Numerous other enterprisers like Stearman, of Wichita, Kansas, and Stinson, of Detroit, Michigan, began creating private aircraft to exploit the coming boom in personal flying. Many, drawing the analogy with the automobile, were convinced that this boom had already arrived, and began building airports and flying services all over the country. Much of this building was based on shoestring finance, but some of it was sound. And all of it might have made steady progress except for one thing: speculation permeated the sound core of aviation just as it ate at the vitals of all other industry.

Even naval officers, who up until then had seemed to pride themselves on a certain aloofness to the marts of trade, now began dabbling in “the market.” Profits here were sure and swift—provided always you were on the inside. One of our friends had an inside tip on a new graveyard to be constructed within the city limits of Los Angeles, with the advice and consent of the City Council, where profits were quick and sure. The harvest for this enterprise was guaranteed to be as sure as—say, death and taxes. This friend looked down his nose at another man whose mouselike wife had been inveigled by a door-to-door salesman into buying a lot in Long Beach, California. The extra burden of paying for this “investment” was about to break the couple down when someone poked a hole in a nearby piece of ground and the oil field on Signal Hill was born.

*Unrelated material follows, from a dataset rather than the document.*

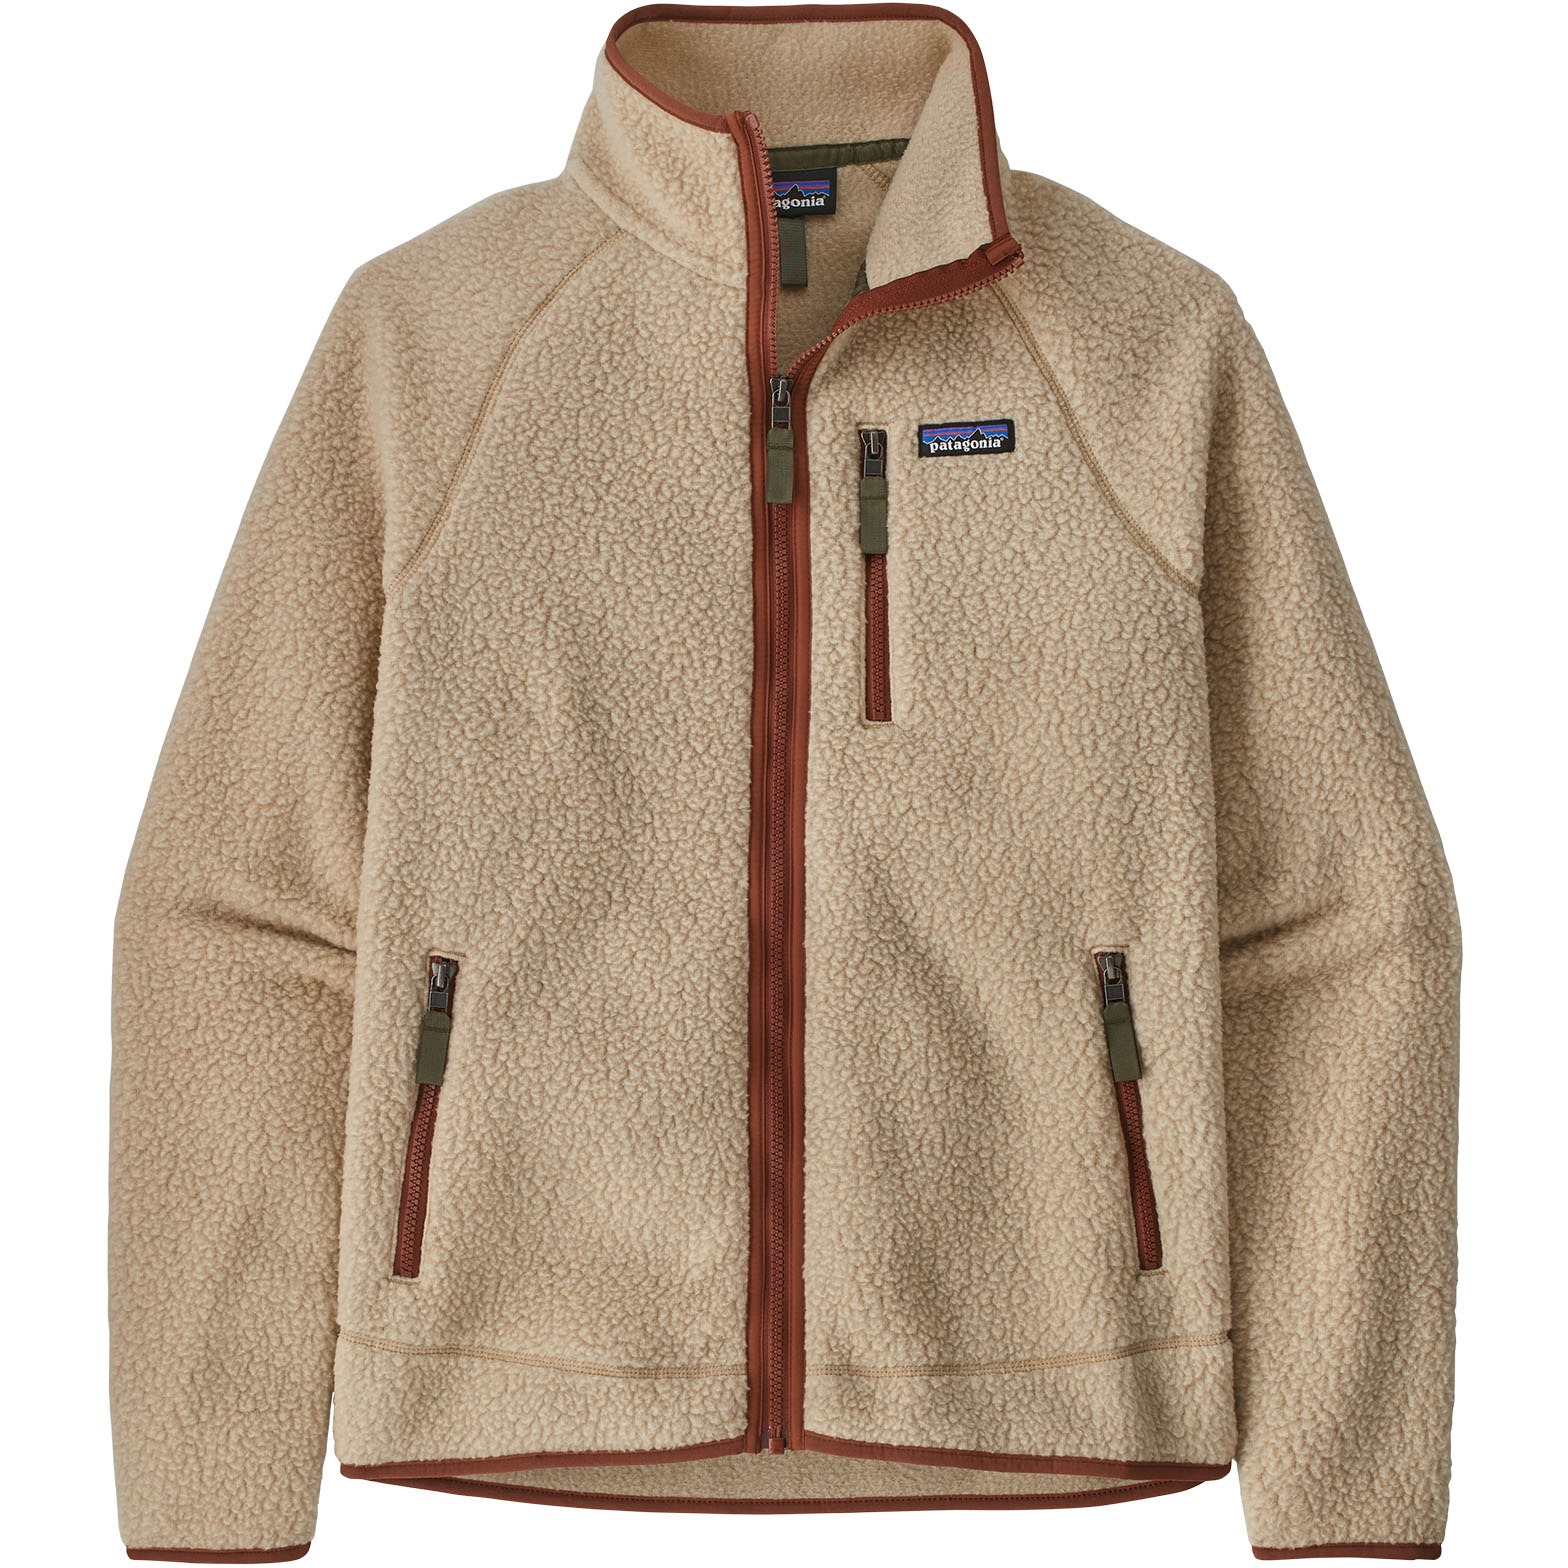 Patagonia Retro Pile Jacket Men - El Cap Khaki w/Sisu Brown | BIKE24

Now the young wife followed the young husband’s battleship around in her private yacht. But none of this seemed to discourage creative enterprise, like the rising aircraft manufacturing and air-transport industries.

Among the newcomers in the manufacturing field, Donald Douglas and “Dutch” Kindleberger began to stand out. Prior to their advent, most of the newcomers had been alumni of the great Curtiss Aeroplane Company, of Garden City, Long Island. But Glenn L. Martin, an early bird who had pioneered American twin-engined bombers with his famous Martin bomber, had collected a stable of promising colts; Don Douglas, Dutch Kindleberger, and Larry Bell had worked for him until some temperamental disagreement sent all three on independent projects. After that, each concentrated his efforts to outdoing the others, and especially the old master, Glenn Martin. We in BUAERO, sitting as we did at the crossroads, could always get the dirt and low-down from the visiting firemen and, after sifting it and appraising it, use our own judgment in how to make it pay dividends in new development. Intercompany competition mixed up with interservice competition and whirled about in the old slipstream might look disorderly and inefficient, but it was motivated by highly creative impulses.

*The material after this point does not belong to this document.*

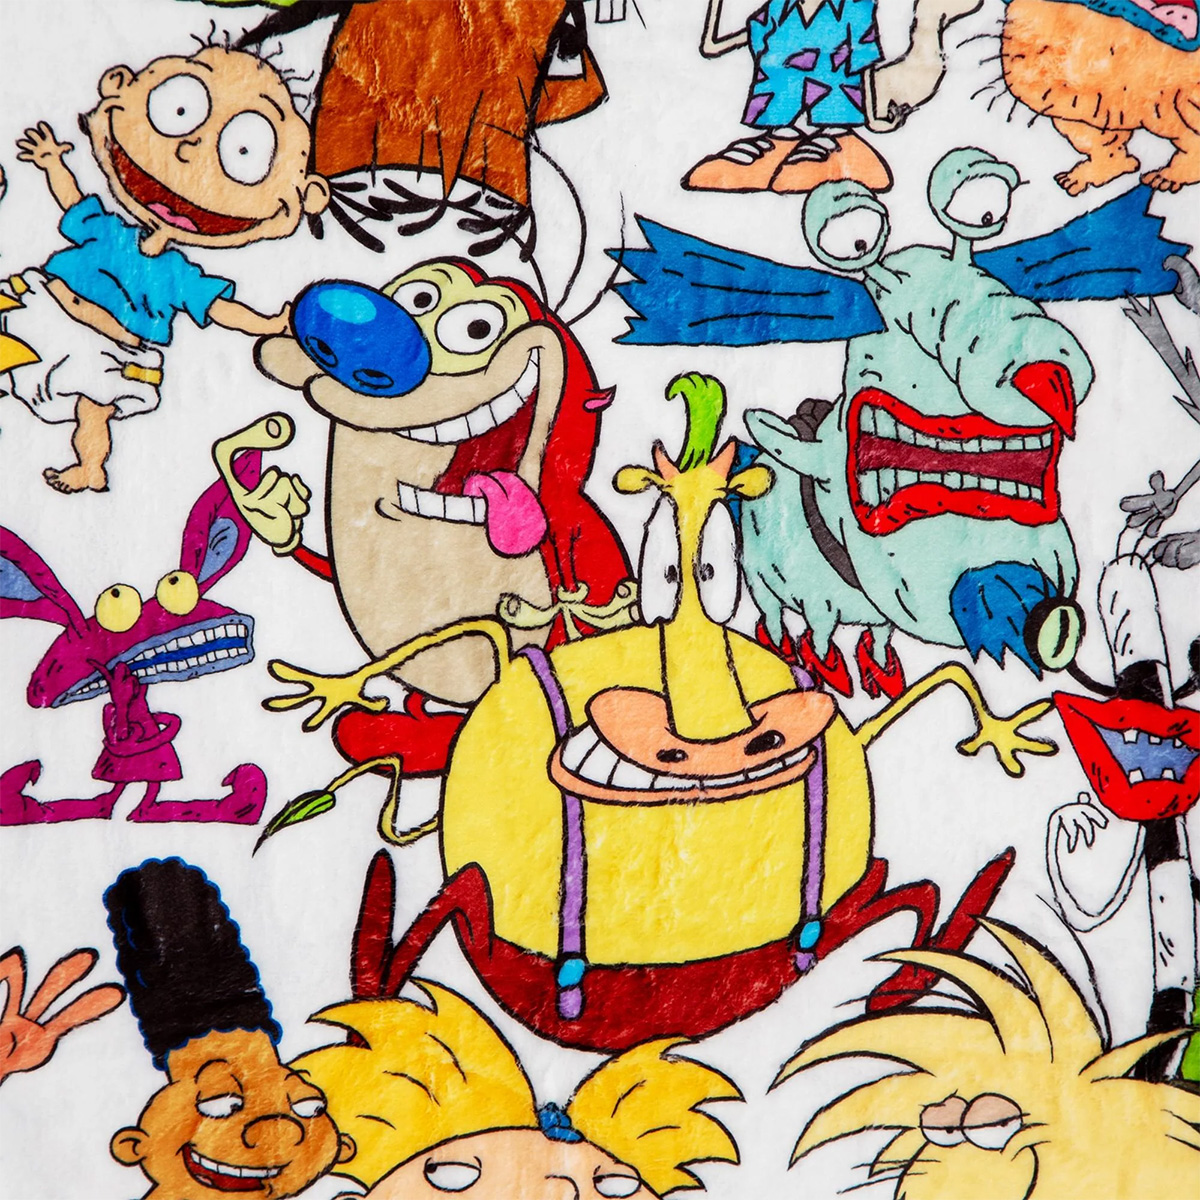 Nickelodeon Classic Cartoon Throw Blanket

Admiral Moffett kept his own Bureau on its toes by involving us in all sorts of racing or other projects. Back in Bruce Leighton’s time, BUAERO had given Don Douglas the job of building an experimental single-engined Liberty torpedo-bomber plane—one with extra large tanks for long-range flying. But after Don had produced a masterpiece, the Army Air Service seized upon the type while the Navy dawdled, and the Army had completed the first ’round-the-world flight. This job, a masterpiece of planning and operations, proved such a pronounced success that it gave great impetus to other projects. It also gave the Navy such pain that Admiral Moffett never got over it.